- **Task instructions**
Once the line with "Susu Zapatillas de" is found, repeat it and all later lines exactly through the end of the listing below, with the pictures left out.

- **Collected material**
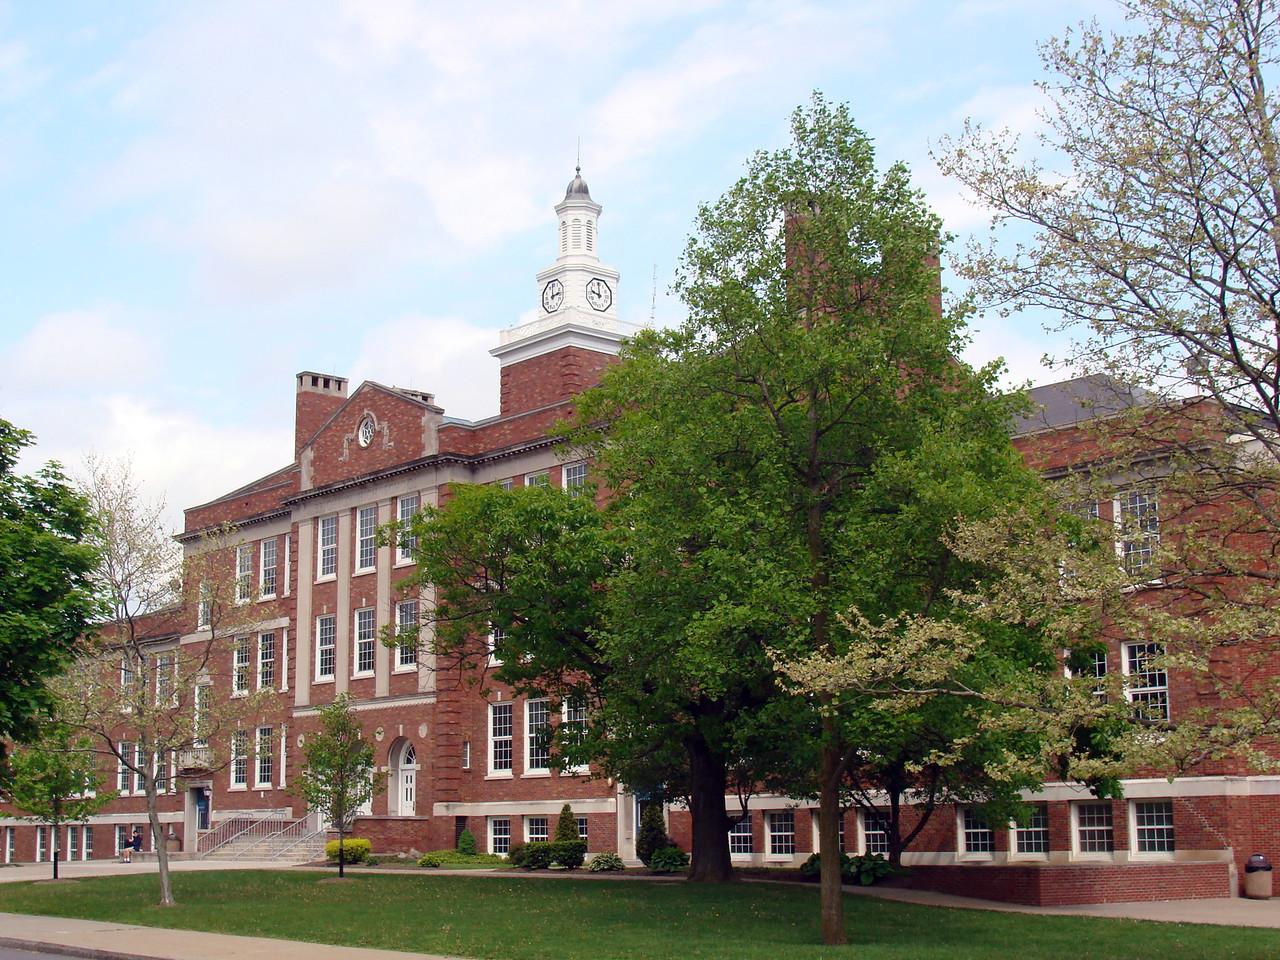 Brighton High School
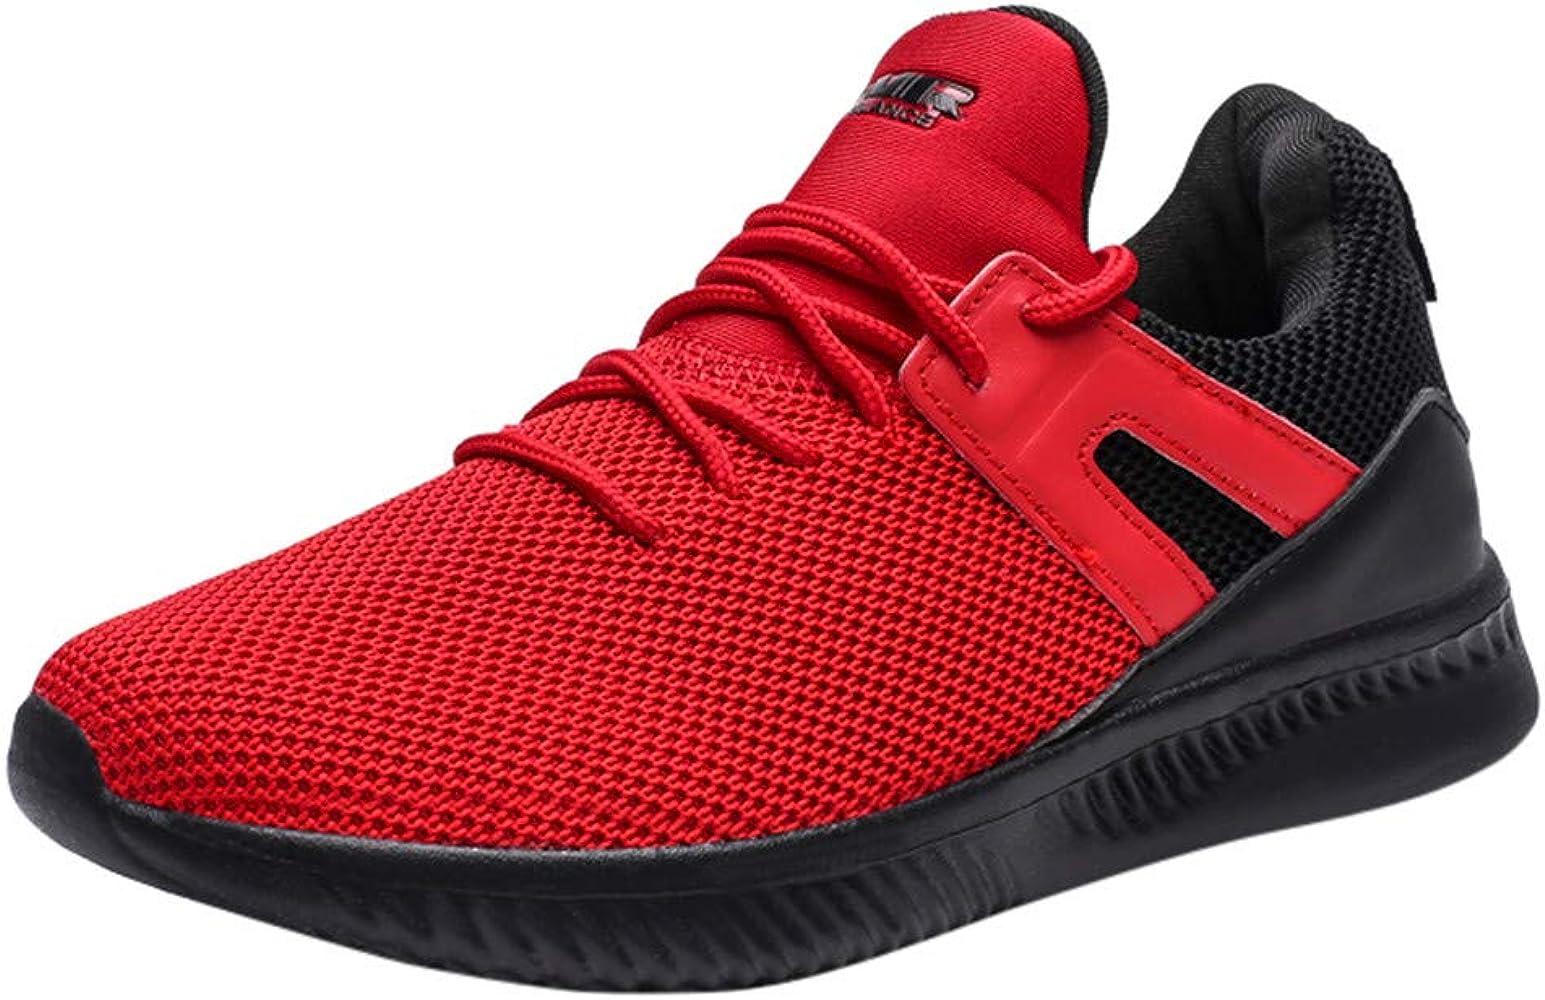 Susu Zapatillas de Running, Baloncesto, competición, Running ...
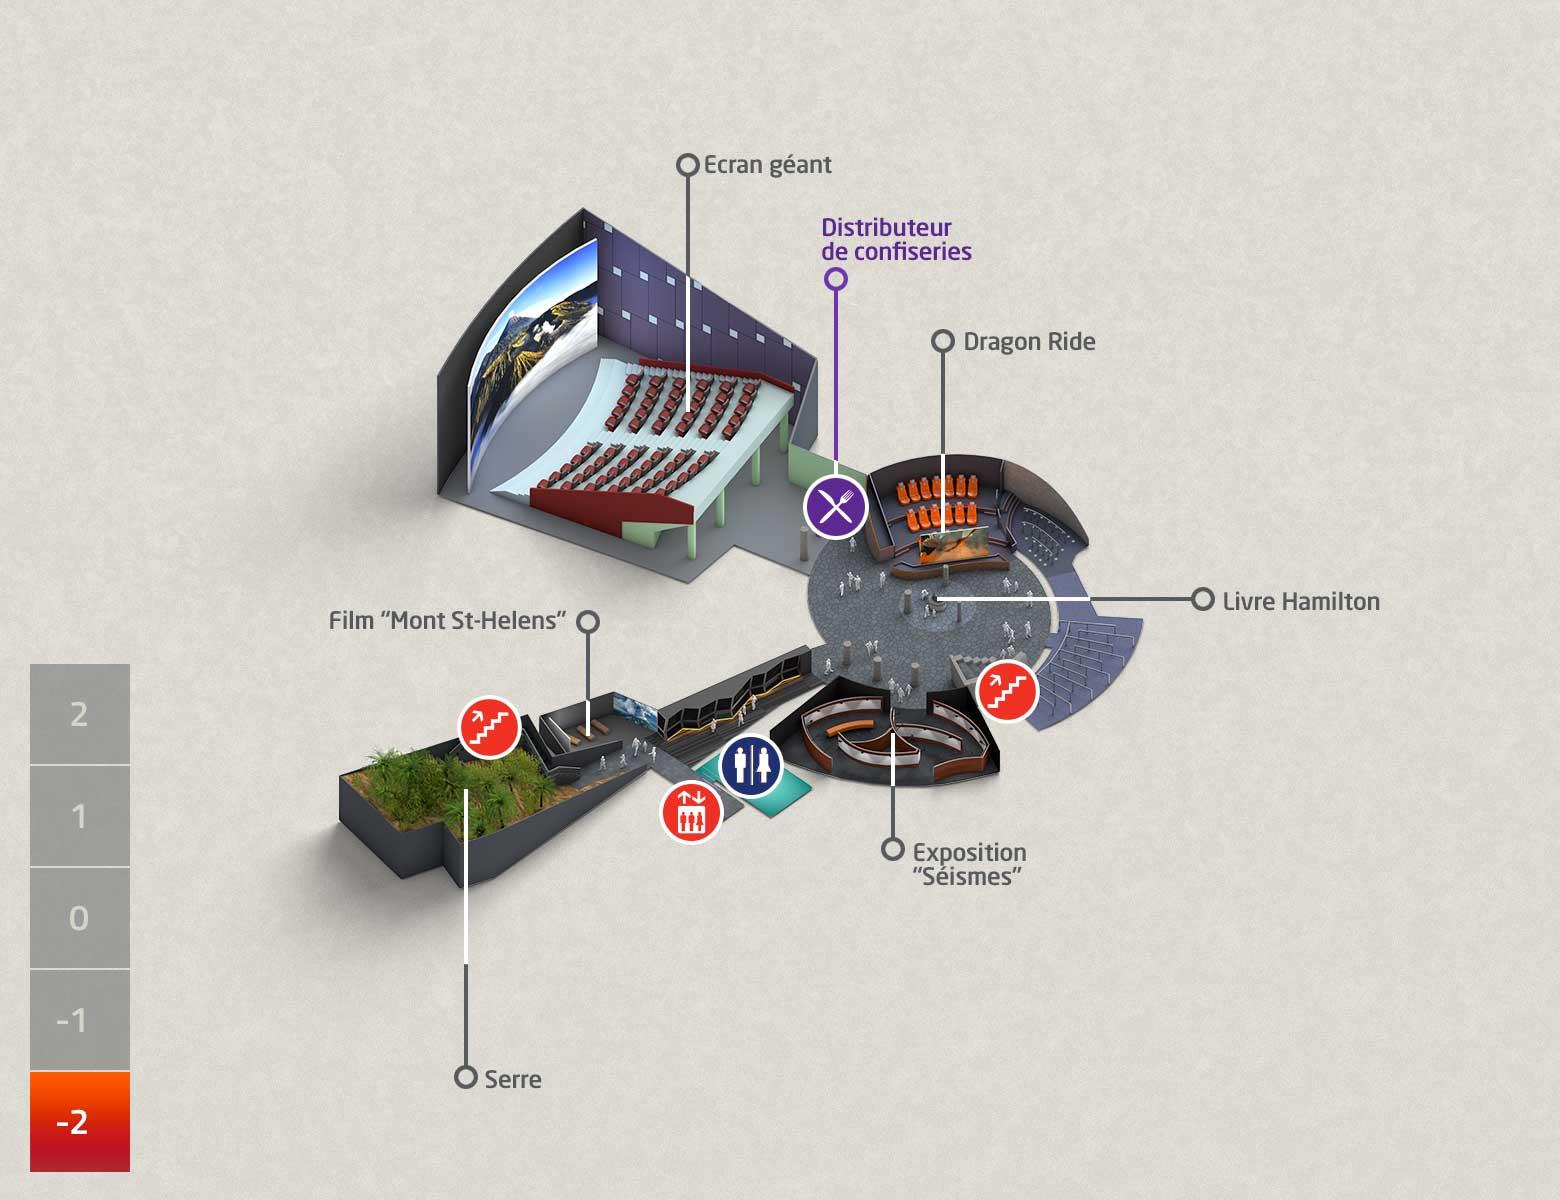 Séminaire d'entreprise - Plan du Parc Niveau -2
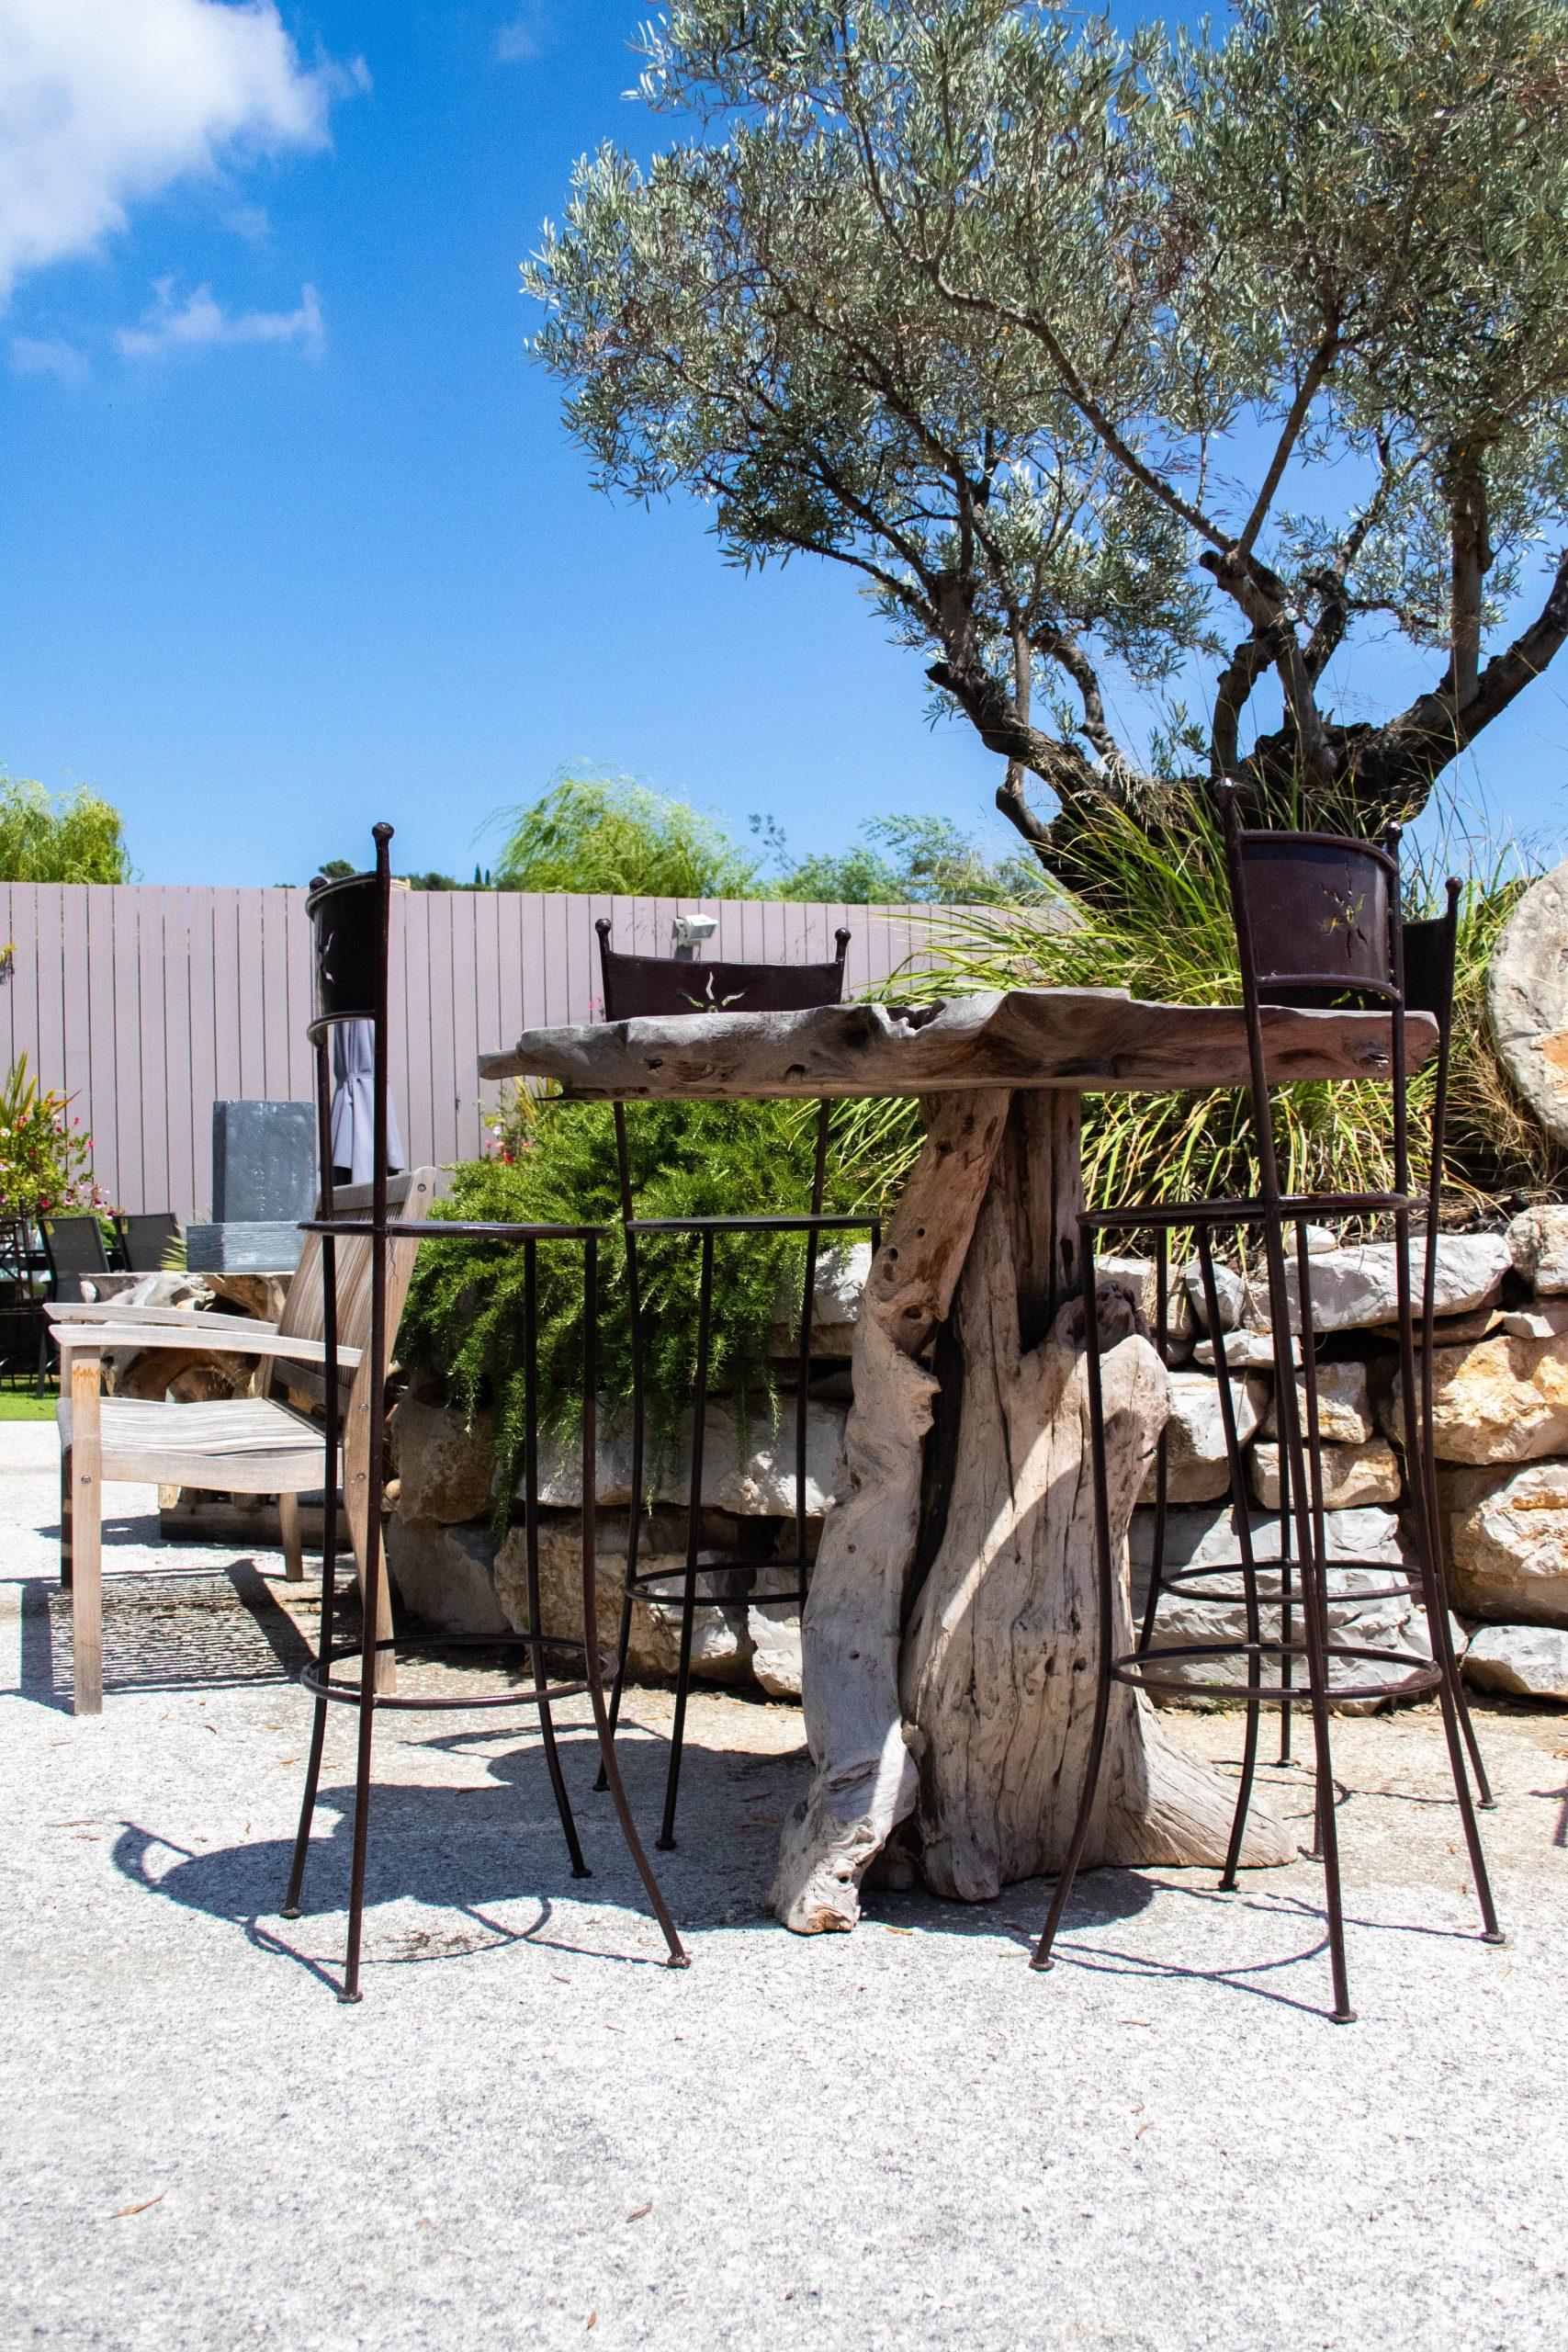 Table En Teck Et Chaises Hautes En Fer Forgé #deco ... encequiconcerne Décoration Jardin Fer Forgé

- **Your solution**
 Susu Zapatillas de Running, Baloncesto, competición, Running ...
 Séminaire d'entreprise - Plan du Parc Niveau -2
 Table En Teck Et Chaises Hautes En Fer Forgé #deco ... encequiconcerne Décoration Jardin Fer Forgé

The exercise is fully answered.